La historia de Gerardo


Cuando diez años de edad, Gerardo entró en la oficina de Admisión Merv Griffin Village, su profunda, ojos marrones no podían instalarse en cualquier cosa. Ellos iban de una cara a la próxima, y luego a la puerta, como si estuviera evaluando continuamente que le podrían atacar, independientemente de si él podría ganar la lucha, y la rapidez con que podía escapar de la habitación. A través de todo el papeleo, las preguntas, la evaluación médica y su recorrido por el pueblo, nunca sonrió.

Su hermano menor había sido colocado con una familia de acogida que planeó adoptarlo, pero Gerardo había sido demasiado difícil de manejar. La familia quería mantener a los hermanos juntos, pero la agresión de Gerardo había hecho una ubicación en una casa imposible. Simplemente no era seguro para mantenerlo allí.

En su primer día en el Village, Gerardo se encontró en tres peleas diferentes. Él no podía dejar de. Sería la calma y feliz durante un minuto, y tremendamente atacar a un compañero la próxima. Cualquier cosa podía desencadenar. Luchó en la escuela, durante las actividades, y en la casa. No importaba dónde estaba o que estaba con él-Gerardo estaba luchando en una guerra que nadie más podía ver, y para él, cada situación era de vida o muerte.

Como la mayoría de los niños que llegan a la Villa, Gerardo había sido abusado físicamente. Su padre tenía un problema con la bebida y una historia de consumo de drogas. Un minuto, su padre podría ser tranquilamente sentado en el sofá en cualquier apartamento que había organizado para alojarse por la noche. El siguiente, él podría atacar de repente, alegando que Gerardo había hecho demasiado ruido o roto alguna regla. Para proteger a su pequeño hermano, Gerardo siempre había colocado a sí mismo en peligro, pero como resultado, que había dado a luz no sólo las ronchas y contusiones, pero el trastorno de estrés post-traumático que vino con ellos.

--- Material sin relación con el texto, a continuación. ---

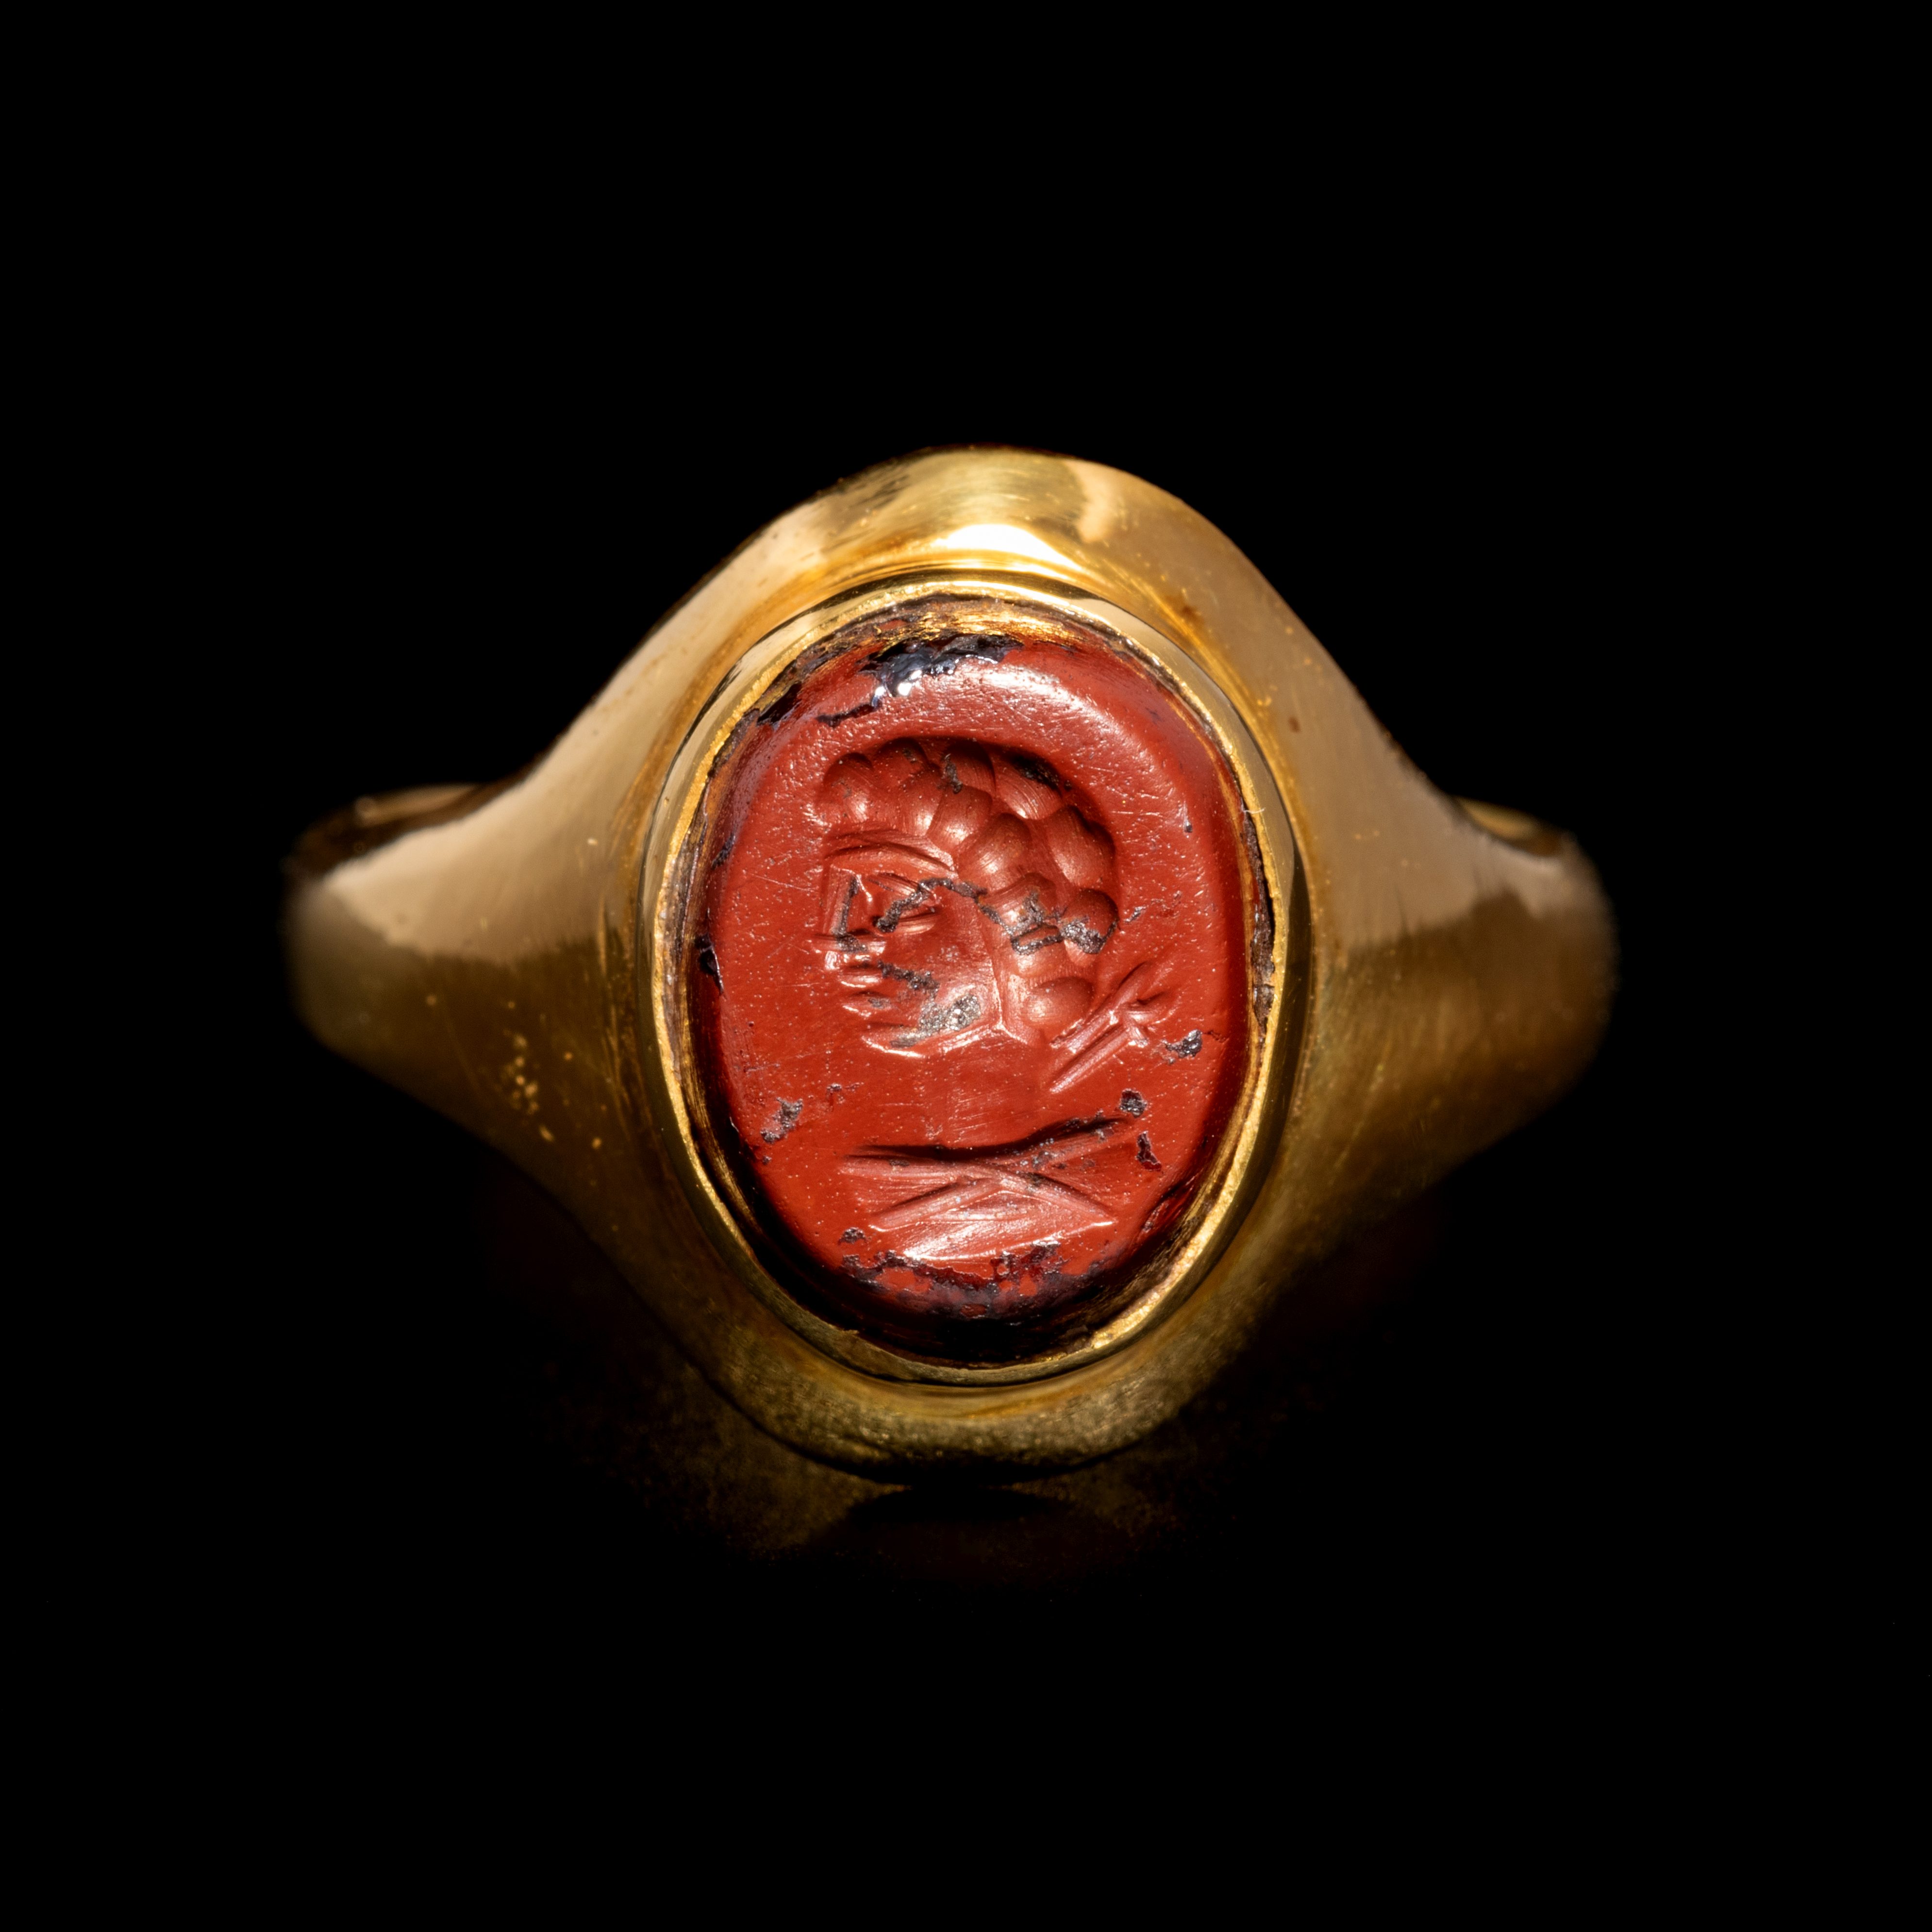 A Roman Gold and Red Jasper Finger Ring Engraved with the Bust of a Man Ring size 6 1/2; Diameter of - Image 2 of 3
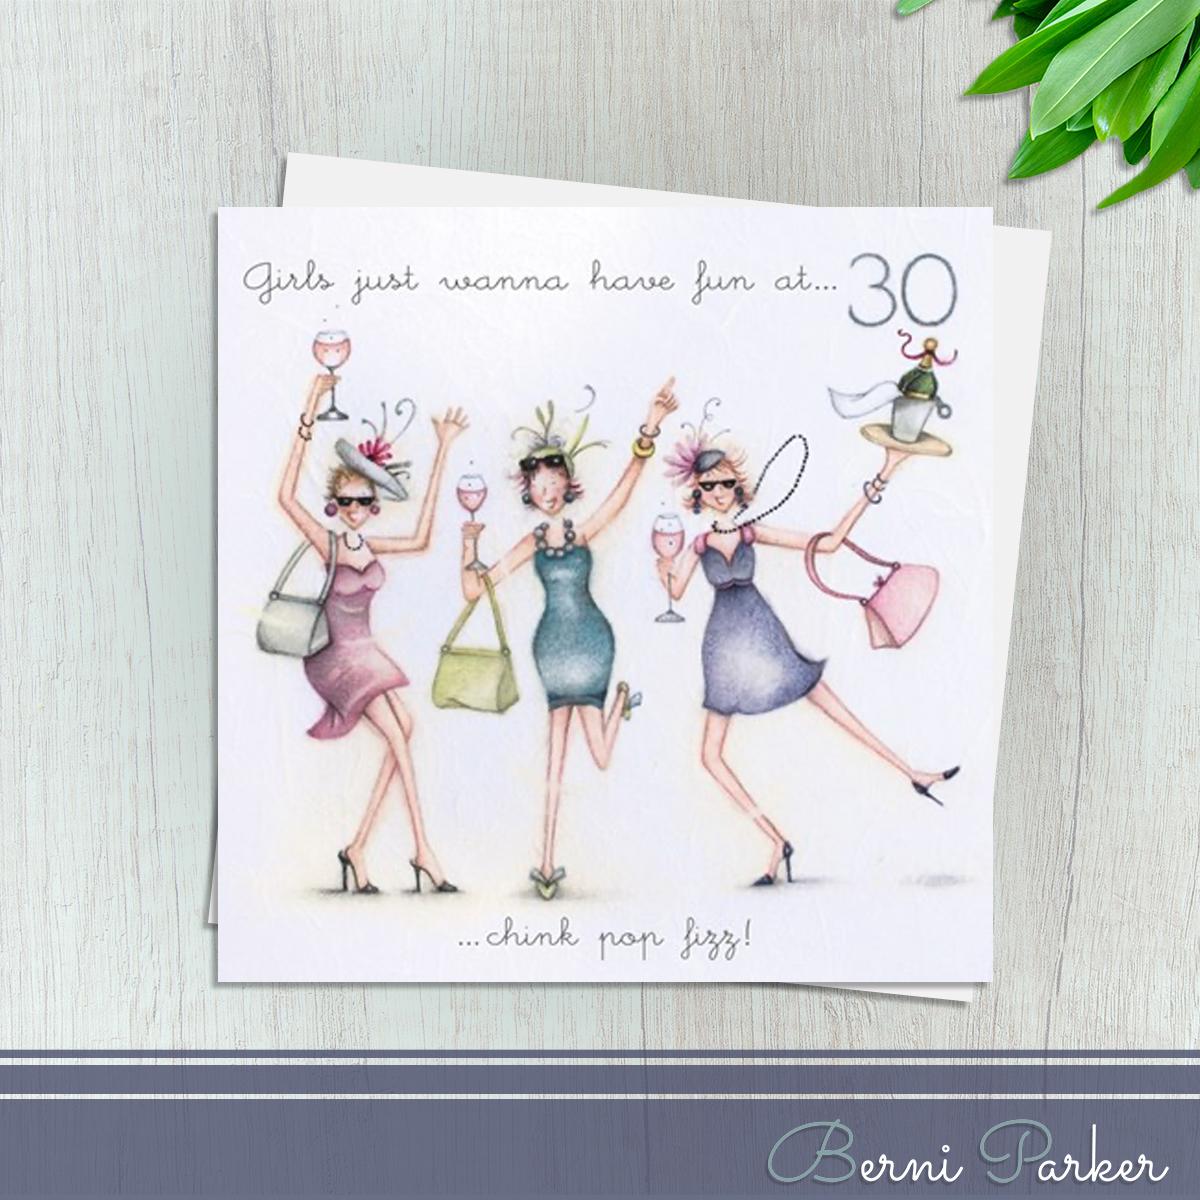 Three Girls Partying With Glasses Of Wine, Handbags And Swinging Beads. Caption: Girls Just Wanna have Fun At 30 Chink Pop Fizz! Blank Inside For Your Own Message. Complete With White Envelope

Incluso cuando fue removido de su padre, no pudo llevarse su propia batalla personal detrás.

Gerardo vivió en el pueblo de 19 meses-un tiempo bastante largo para un niño de diez años de edad. Durante el primer año, su respuesta a cualquier situación difícil fue la violencia. Atacó personal, así como otros residentes y fue muy difícil conseguir que participe de manera constructiva en la tarea, quehaceres, o cualquier cosa que no quería hacer. La consistencia es la clave con cualquier niño, y el personal continuamente reforzada que no necesita la violencia para estar seguro. Nadie le dolía mientras se encontraba en el Village.

Como un niño maltratado, impotente sensación, sin esperanza, y por sí solo es un tormento diario. En la Villa, Ningún niño es solo. Desde la siempre presente el personal de los otros niños en cada cabaña, siempre hay gente alrededor que cuidar, que entienden y que están ahí para ayudar. Gerardo miraba el mundo con ojos que habían visto demasiado, pero cuanto más tiempo estuvo con nosotros cuanto más se podía ver a través de su dolor. Estaba rodeado de chicos de su edad que tenían historias similares que contar. Empezó a hablar con ellos, y luego a su terapeuta. Una vez que se dio cuenta que no era realmente solo, él fue capaz de formar relaciones basadas en la confianza en lugar del miedo. Poco a poco su agresividad disminuida, y mientras estaba muy deprimido a menudo su comportamiento había mejorado de manera espectacular.

Él comenzó a visitar con su familia de acogida, sólo por una o dos horas en un primer momento, pero finalmente permaneció durante un fin de semana sin incidentes. Cuando estuvo listo, familia de acogida de Gerardo lo invitó a vivir con ellos de nuevo. Se uniría a su hermano, que en este punto ya había sido aprobada oficialmente, y con el tiempo se adoptaría Gerardo, demasiado.

Gerardo se había visto obligado a ser un guerrero, frente a la violencia todos los días a las manos de la persona que se suponía para protegerlo. A pesar de este ejemplo, Gerardo aprendió a ser el protector de su hermano, y él tenía las cicatrices de guerra que venían con su papel. En lugar de gastar su vida en la guerra, Gerardo aprendido que no tenía que luchar. Gracias a su tiempo con Childhelp, él sabe que está a salvo.

Cuando salía de la Villa de volver a casa, Gerardo shook mano con el personal como el buen joven que crecía para ser. Él los miró a los ojos y sonrió. Para un niño, como Gerardo, no puede haber un mayor éxito que la.